The information displayed by the List Jobs button is the same as Job Manager, from the left: number, status, priority, number of cores, job name, start date/time, end date/time, and batch file.
If you want to cancel the job with the Delete Job button, enter the job name.
7.8. How to connect via HTTP proxy
To connect to a remote server via SSH through an HTTP proxy server, follow the steps below.
to start Cygwin.
Enter the command as shown below. Where REMOTE_SERVER, PROXY_HOST_NAME, PROXY_PORT, and USER_NAME should be replaced by the remote server name, proxy server name, proxy port number, and user name, respectively.
ssh -L1234:REMOTE_SERVER:22 -o “ProxyCommand connect-proxy -H PROXY_HOST_NAME:PROXY_PORT %h %p” USER_NAME@REMOTE_SERVER
With the above connection, set Host Name to localhost and Port to 1234 in the Edit Profile screen.
7.9. SSH public/private key authentication
Winmostar’s remote job feature also supports connection methods using SSH public/private key authentication.
Currently Winmostar only supports connections in PEM format. When generating keys in the terminal, run $ ssh-keygen -m pem -f (filename of the private key) to ensure they are generated in PEM format. (OpenSSH requires -m pem because the default key format may be RFC4716).
To convert an already generated key to PEM format, run $ ssh-keygen -p -N "" -m pem -f (private key filename).
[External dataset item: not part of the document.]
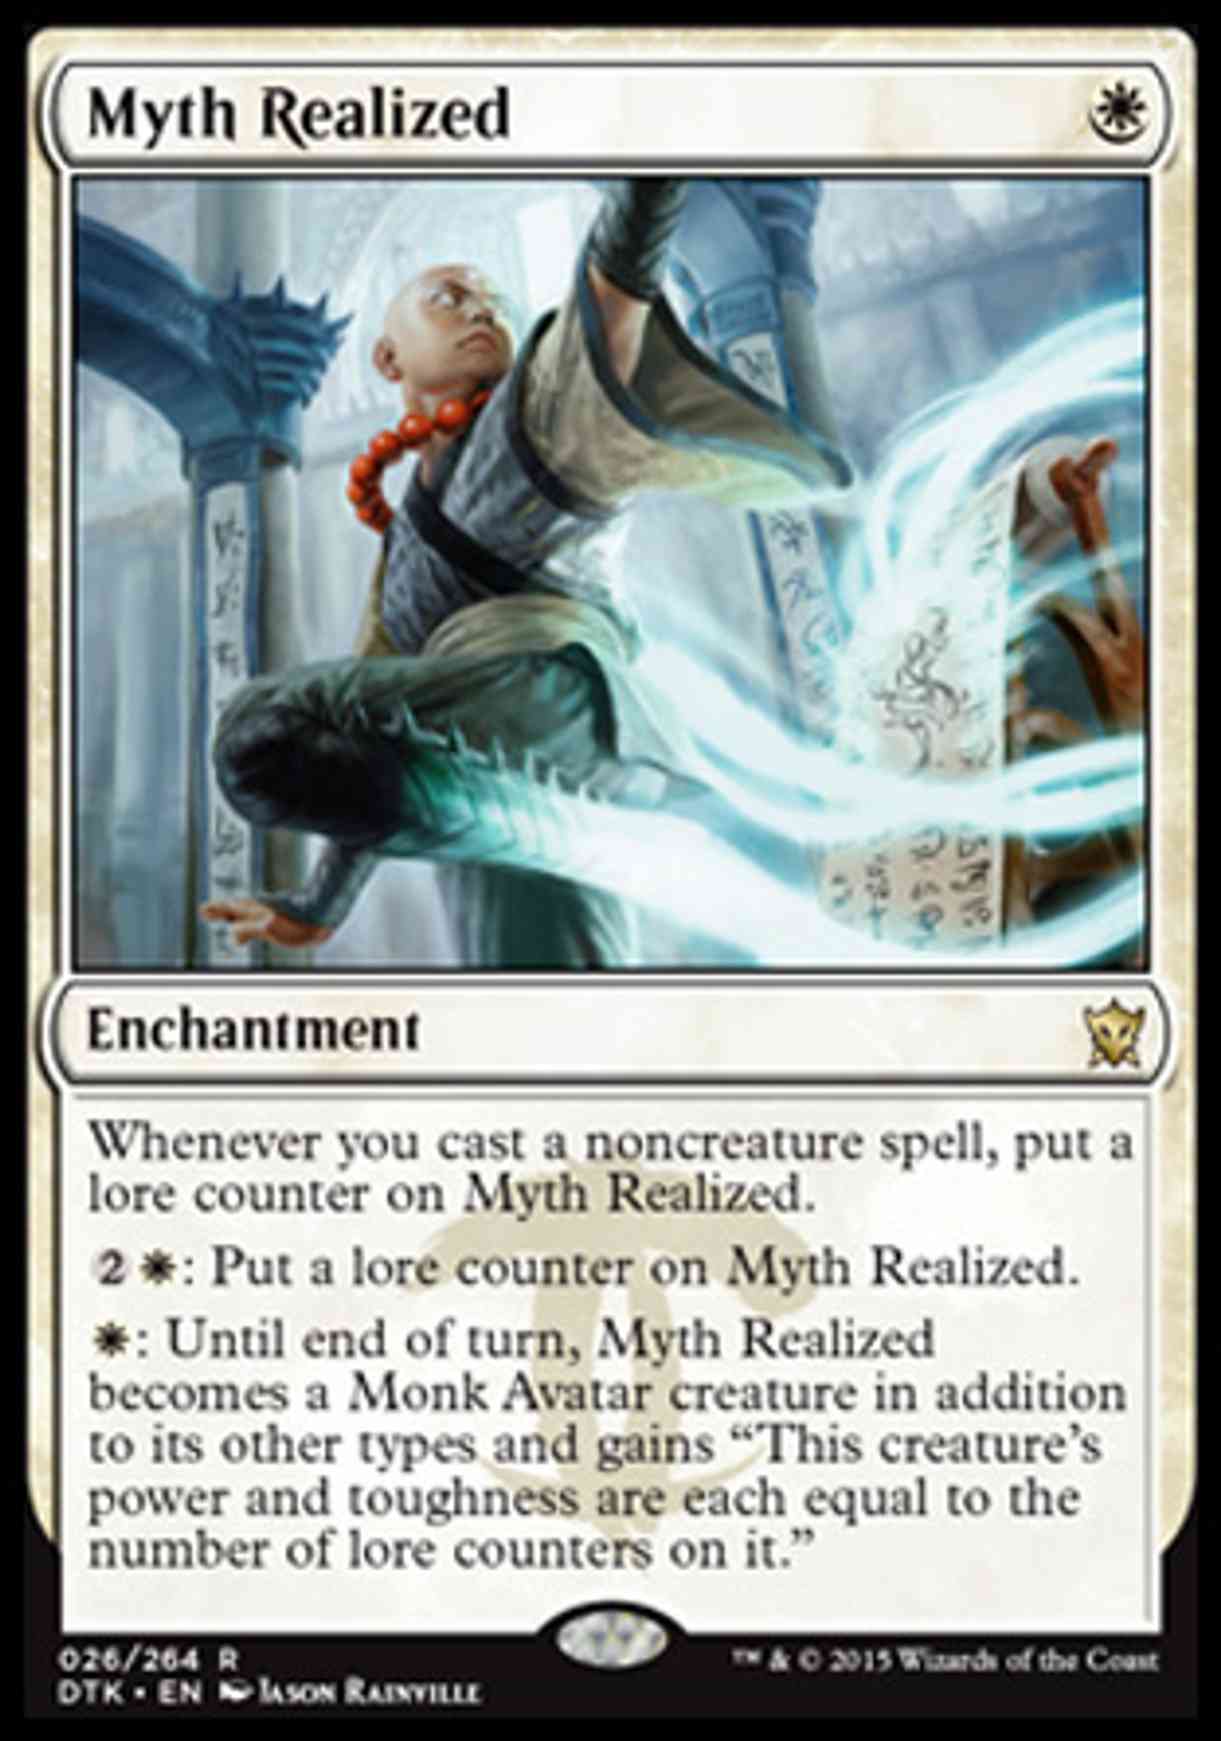 Myth Realized magic card front

In some cases, it is necessary to change the permissions of the private key file before conversion, in which case you can run $ chmod 600 (private key filename) in advance.
To convert a PuTTY Private Key (ppk) format file to PEM format, first launch PuTTYgen, which is included with PuTTY. Next, click “Load” under “Actions” and open the ppk file. If a passphrase has been set, enter the passphrase in the “Key passphrase” and “Confirm passphrase” fields. Then, from the Conversions menu, click Export OpenSSH key and enter the file name of the newly created private key in PEM format.